And, we can efficiently generate Hydrogen by the Solar-driven electrolysis and photolysis of Water.

All as we have documented; and, as we will further document.

We suppose that we can collect all of the CO2 we might need - both to convert, through reactions with hot Coal, into Carbon Monoxide, CO; and, then, more CO2 to react with that CO, along with H2, to make Methanol, as in this USDOE-developed process - from any number of convenient sources in United States Coal Country.

The big question is why we're not even talking about doing so.

And, some final notes:

As we have earlier reported, the USDOE, in it's wisdom, has farmed out management of our vital US National Laboratories, including Brookhaven, to corporate entities composed of various private and public corporations and institutions.

Those independent, non-governmental management entities, as herein, are assigned the rights to patented processes invented by Government-employed scientists, whose salaries are paid with our tax money and who do their work at expensive, high-tech facilities our tax money bought, paid for and maintain.

At the Brookhaven Lab, management is contracted out to the named assignee of the CO2-recycling invention documented herein: "Brookhaven Science Associates".

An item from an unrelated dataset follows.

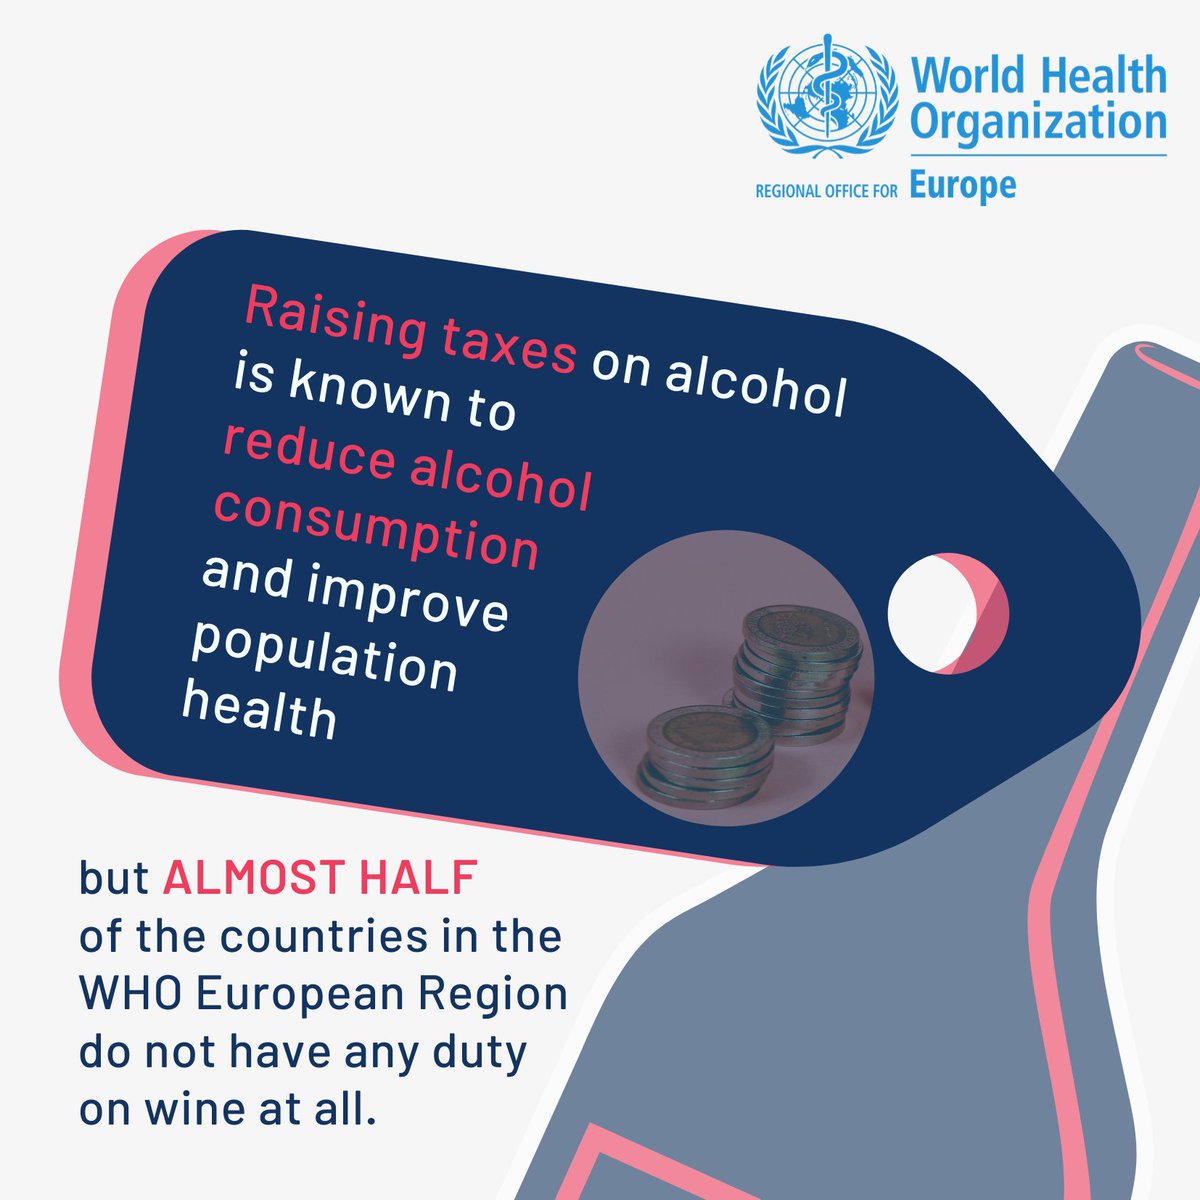 Raising alcohol taxes is known to reduce  #alcohol consumption and improve population health, but  out of  countries in the WHO European Region do not have any duty on wine at all.

Information concerning them is available via: Brookhaven Science Associates; wherein we learn that they were "established for the sole purpose of managing and operating Brookhaven National Laboratory"

Among those "Associates" is an entity whose name might ring vaguely familiar: Battelle Memorial Institute.

Without herein delving into the seeming skunk works nature of Battelle's identity, we note that we will, in a dispatch to follow in coming days, document how Battelle, on their own, have been developing Carbon Dioxide recycling technology, subsequent, and in some respects similar, to that disclosed in USP 6,921,733 by our employee, USDOE scientist Devinder Mahajan.